Ascension of ChristHave you ever thought about the events that transformed the apostles from runaway associates of Jesus into witnesses willing to be martyred for his message? The ‘About’ page on the Veracity blog encourages readers to “figure some things out.” That’s precisely what the apostles did between Good Friday (on the eve of the Jewish festival of Passover) and Pentecost (during the Jewish festival of Shavuot). But what they figured out wasn’t good enough.

The apostles witnessed all the miracles of Jesus while shadowing him for three years, but when the Roman soldiers showed up in Gethsemane all they had processed during those three years was quickly abandoned. They distanced themselves from him. So much for being bolstered by intellect. Obviously they were focusing on self-preservation and avoiding the pain and suffering that was about to be inflicted upon Jesus—just like you and I would have done.

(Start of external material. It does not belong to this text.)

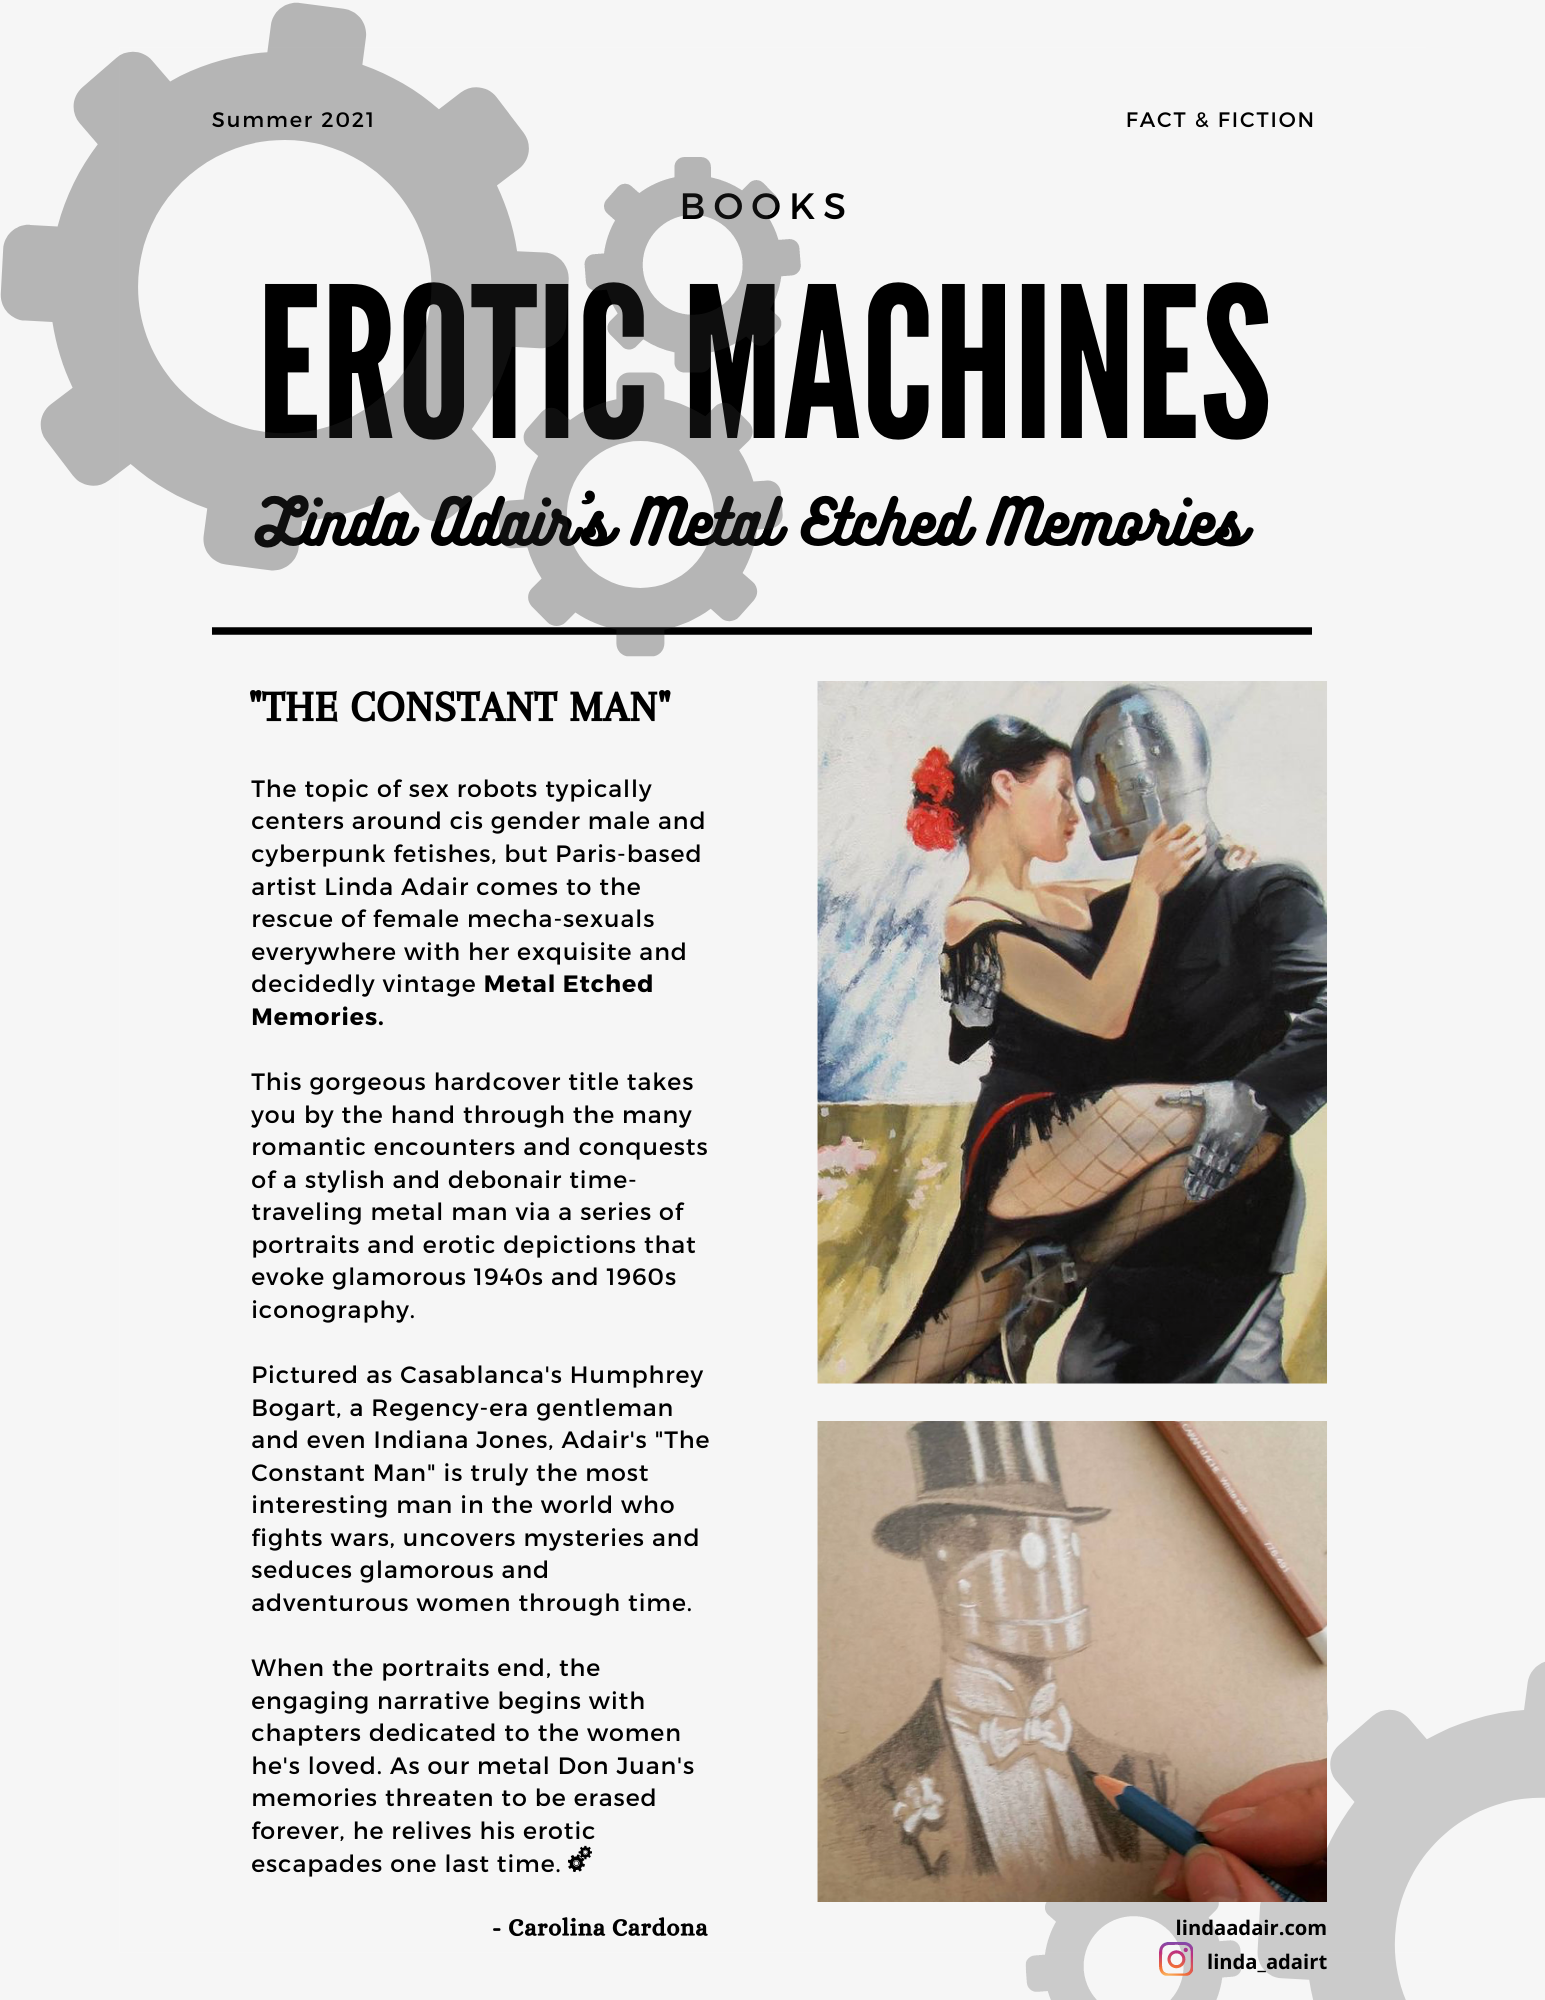 Erotic Machines: A review off Linda Adair’s Metal Etched Memories

They knew that Jesus was God and that he had the power to raise the dead. They were there for the miracles, the transfiguration, the raising of Lazarus.  Intellectually and experientially they knew—but they followed their feet.

Forty days after the resurrection, they witnessed the ascension. But as mind-blowing as that event must have been—particularly in the afterglow of the resurrection—it wasn’t enough to change the apostles from cowards to revolutionaries. Jesus told them to wait in Jerusalem (for Pentecost, 10 days later).

This video from Glo Bible and our friends at Day of Discovery summarizes the events leading up to the ascension.

Jesus knew that his ascension would not be enough when he told the apostles beforehand, “…you will receive power when the Holy Spirit comes on you; and you will be my witnesses in Jerusalem, and in all Judea and Samaria, and to the ends of the earth.”  The anointing of the Holy Spirit wasn’t icing on the cake, and it wasn’t an unplanned or spontaneous result of all the teaching that transpired before Pentecost. It wasn’t an insurance run in case the apostles didn’t get it. It was a vital part of God’s plan, preordained, and God’s provision for equipping disciples.

Ray Vander Laan has an amazing lesson on Pentecost (on the Southern Stairs of Herod’s Temple). It is one of the clips from the Faith Lessons DVDs, that should be in your personal library. This is teaching as good as it gets, and you can understand why Ray gets choked up when he describes the significance of being on those steps.

So…after all they had witnessed in the 51 days after Good Friday, particularly the resurrected Christ and his ascension, the apostles still didn’t have what it takes. We may like to think that if we had seen the ascension we would have been fully convicted and empowered. But the truth is it takes more. It takes God with us, not merely God before us. God knew that. God knows that.

When Christ gave the Great Commission in Matthew 28, he commanded his disciples to go to all the nations and baptize in the name of the Father, the Son, and the Holy Spirit.  The ascension was not enough. It took Pentecost. It takes the power and person of the Holy Spirit. Dick Woodward has a lot of teaching about the Holy Spirit, as does the Apostle Paul. If we’re going to get anywhere in our devotional lives, it takes the Holy Spirit. There are rich blessings behind the preceding two hyperlinks.

Why is it important to appreciate the ten days between Christ’s ascension and Pentecost? It gets to the heart of the Trinity, and understanding that God is manifest in three persons—and that we need the power of all three in our lives. It also clearly demonstrates God’s plan for us—we are not only his children, but his anointed children. Without that anointing, it’s not enough.